> ACTION ITEM
Retype exactly what appears below from the line containing "Königin-Tamar-Flughafen, Flughafen von" down to the line containing "saint laurent cheetah sneakers", keeping both end lines. Do not include pictures.

> GIVEN ENTRIES
▬▬▬▬▬▬

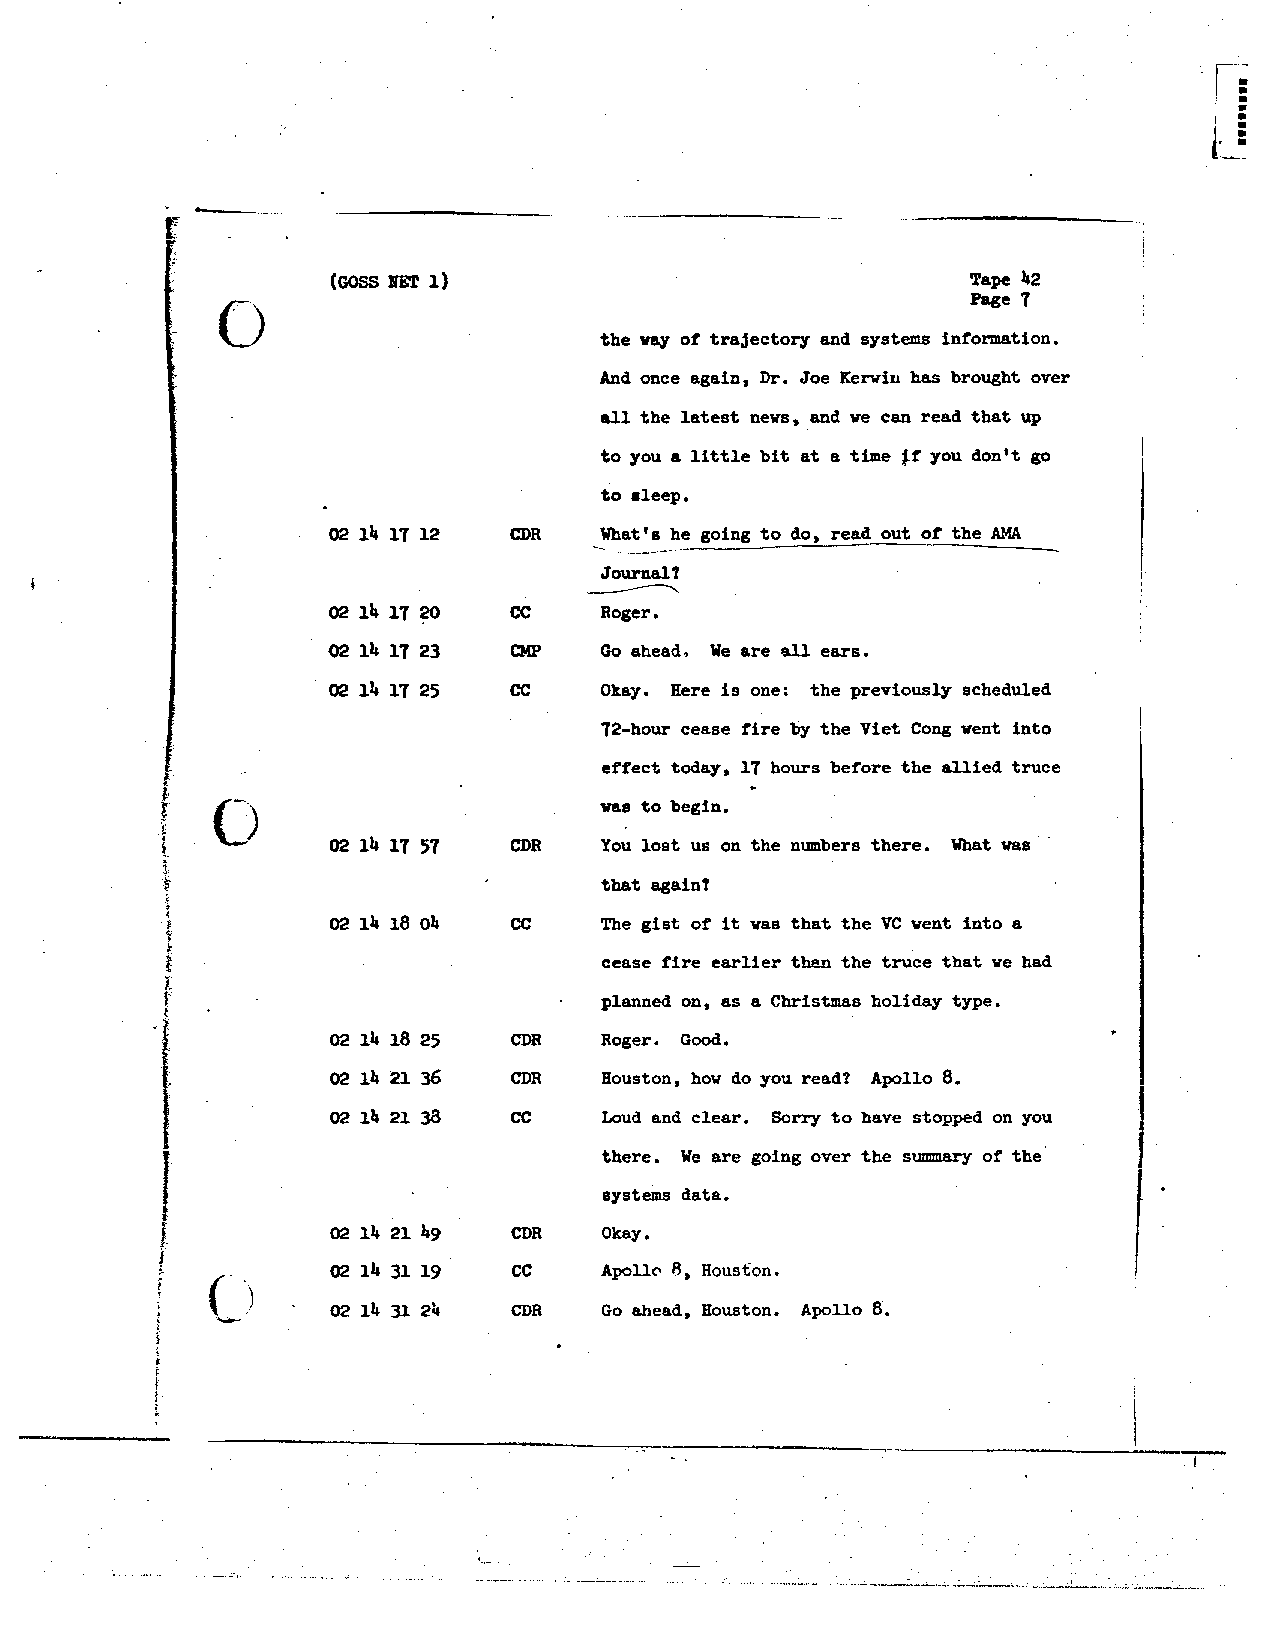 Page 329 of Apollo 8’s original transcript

▬▬▬▬▬▬

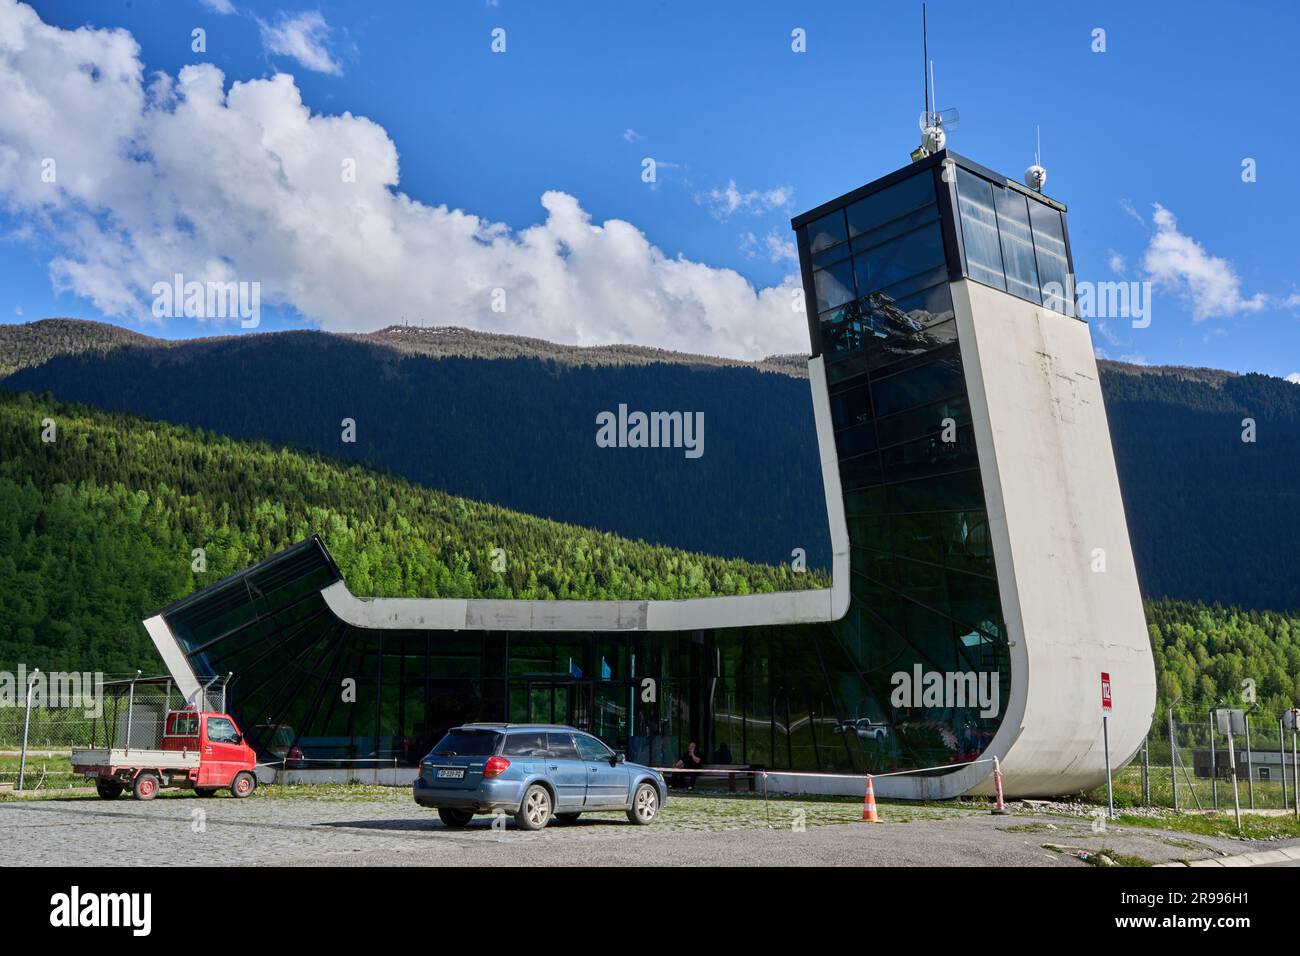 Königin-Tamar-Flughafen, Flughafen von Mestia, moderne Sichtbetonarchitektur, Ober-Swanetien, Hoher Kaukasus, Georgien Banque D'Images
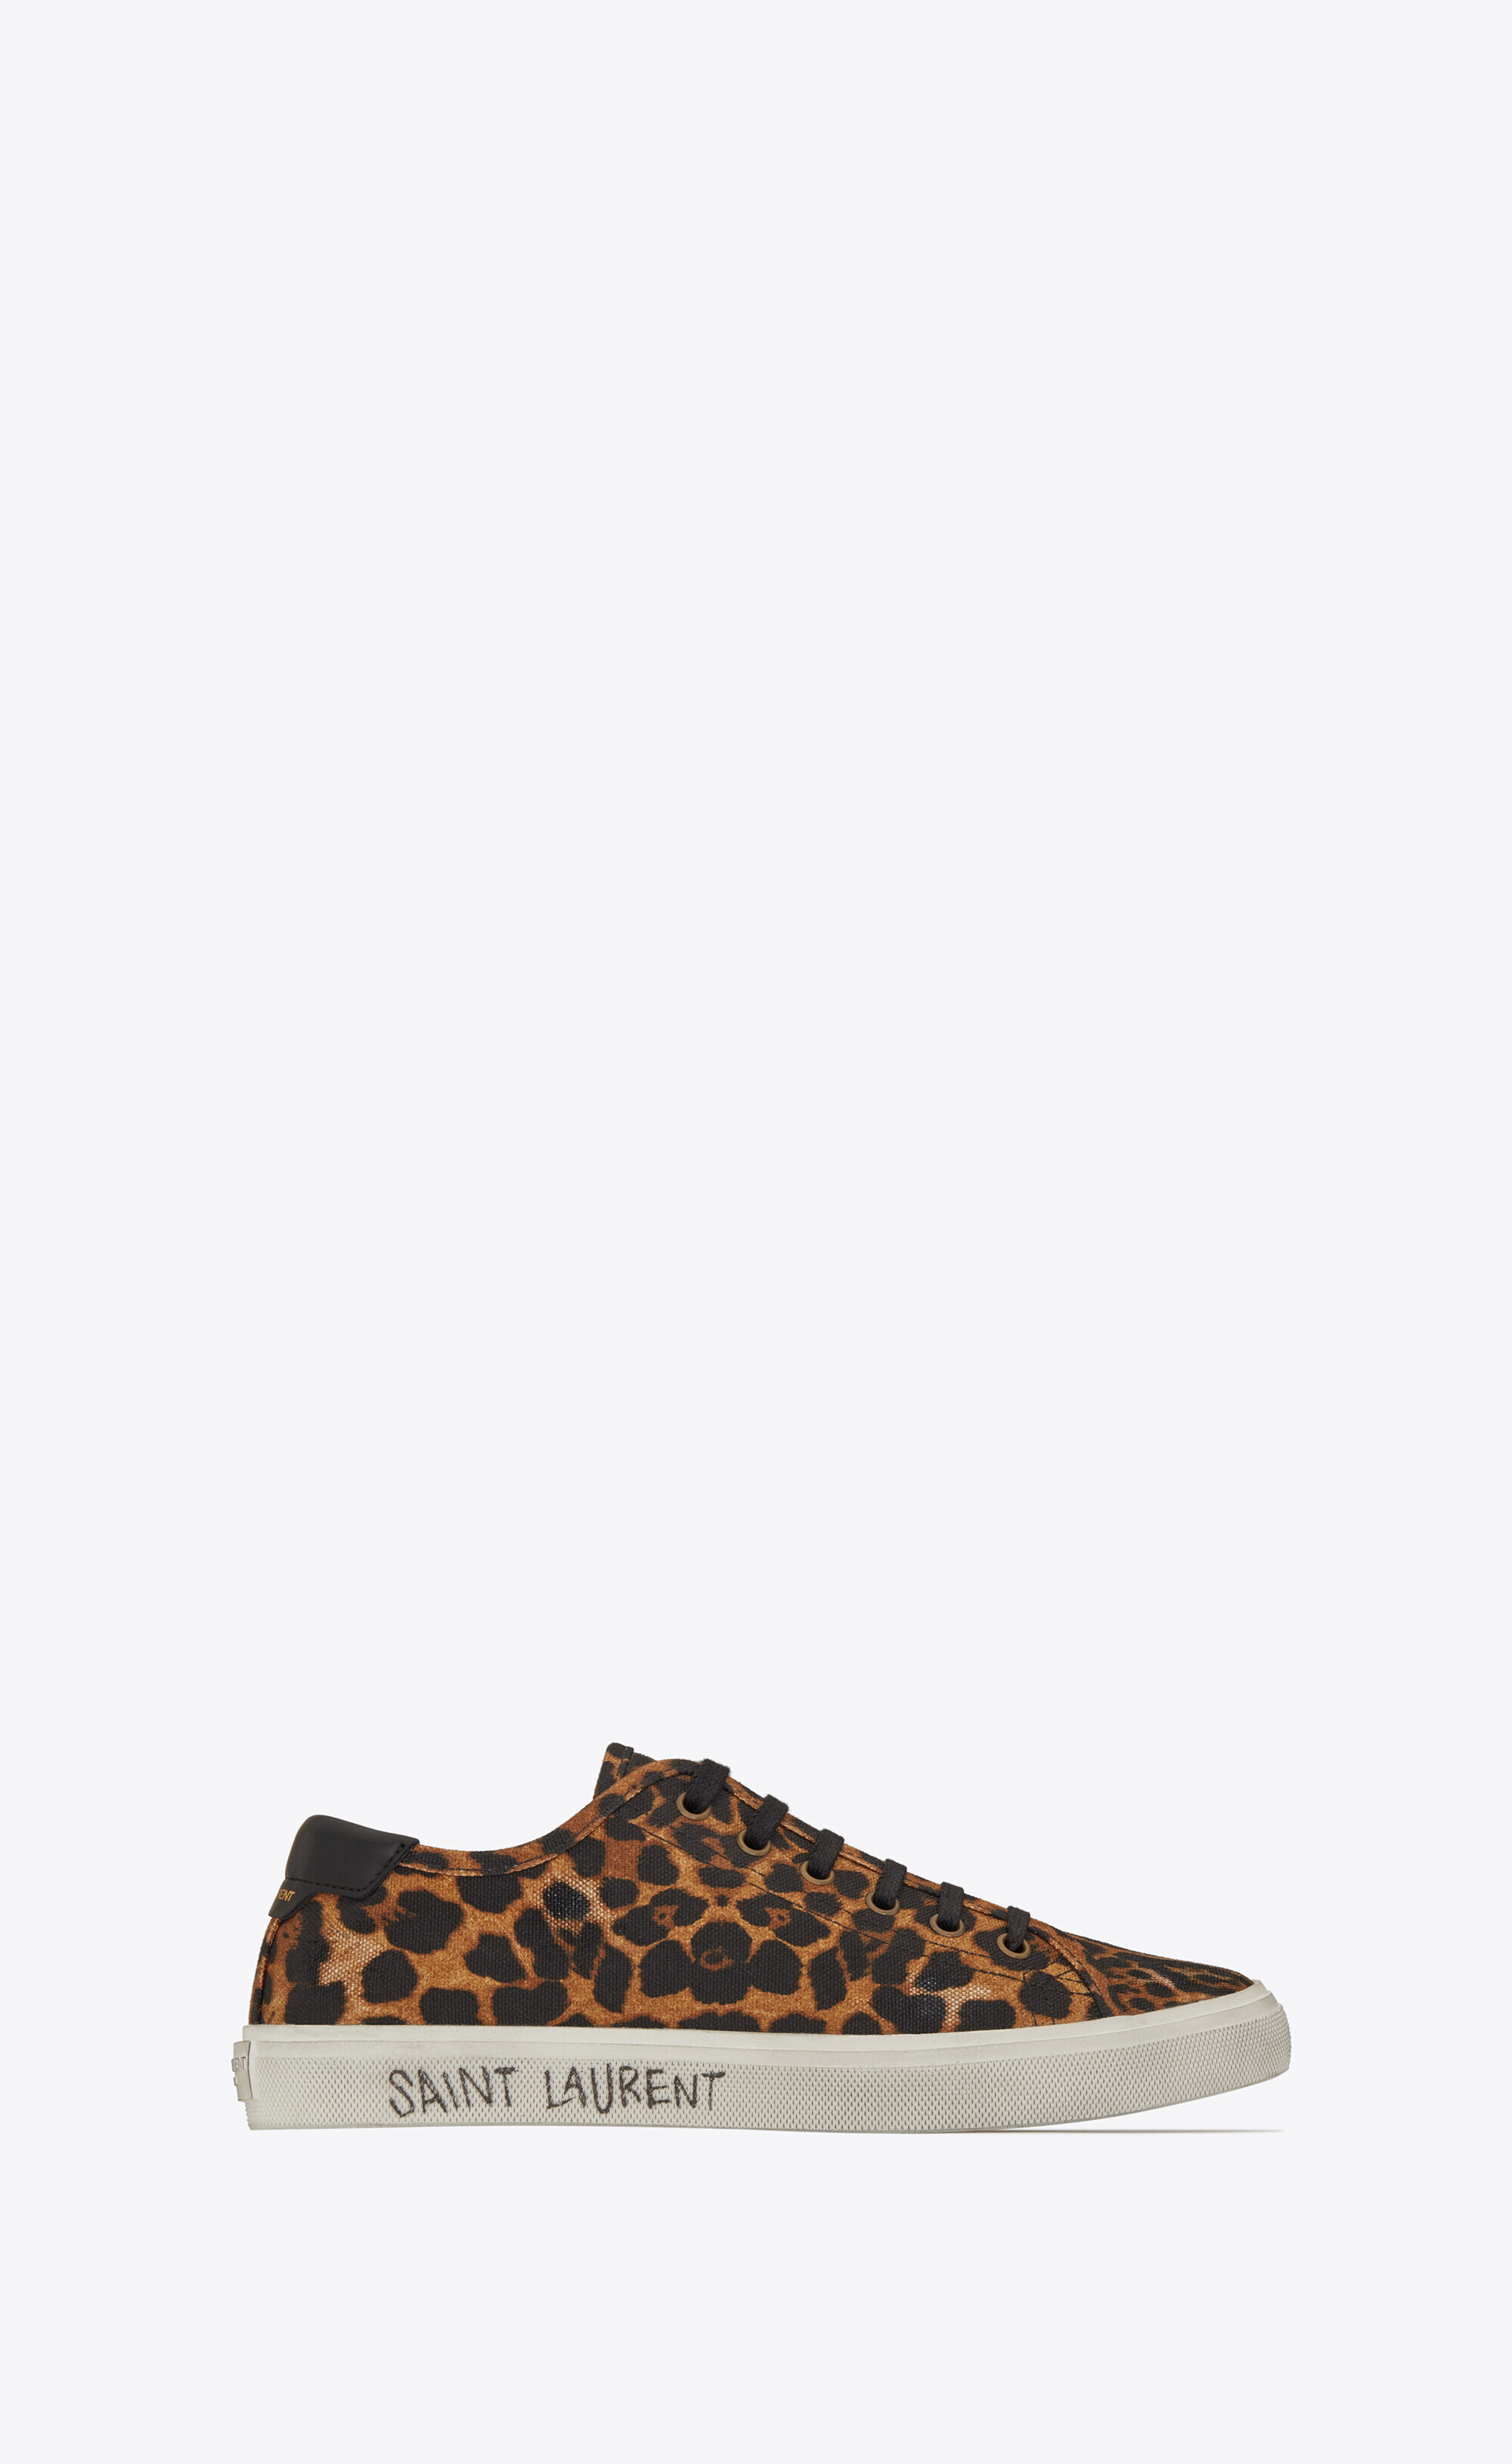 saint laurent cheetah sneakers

▬▬▬▬▬▬

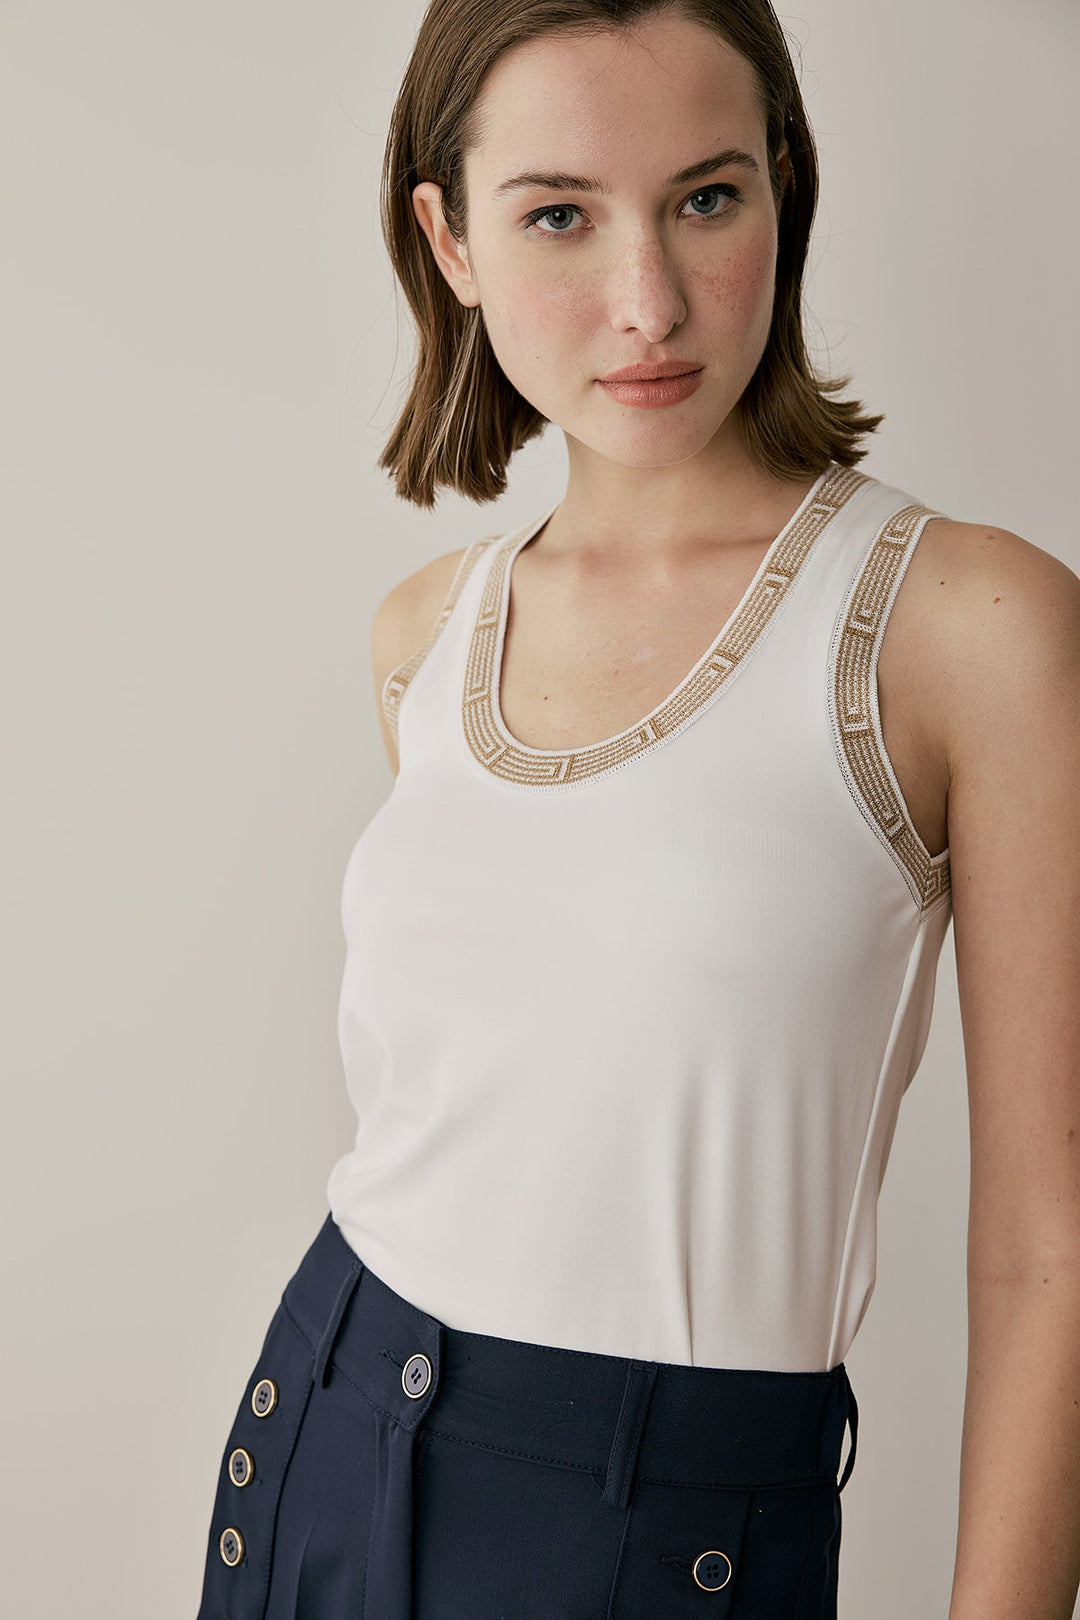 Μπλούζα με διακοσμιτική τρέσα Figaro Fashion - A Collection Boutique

▬▬▬▬▬▬

> EXERCISE OUTPUT
 Königin-Tamar-Flughafen, Flughafen von Mestia, moderne Sichtbetonarchitektur, Ober-Swanetien, Hoher Kaukasus, Georgien Banque D'Images
 saint laurent cheetah sneakers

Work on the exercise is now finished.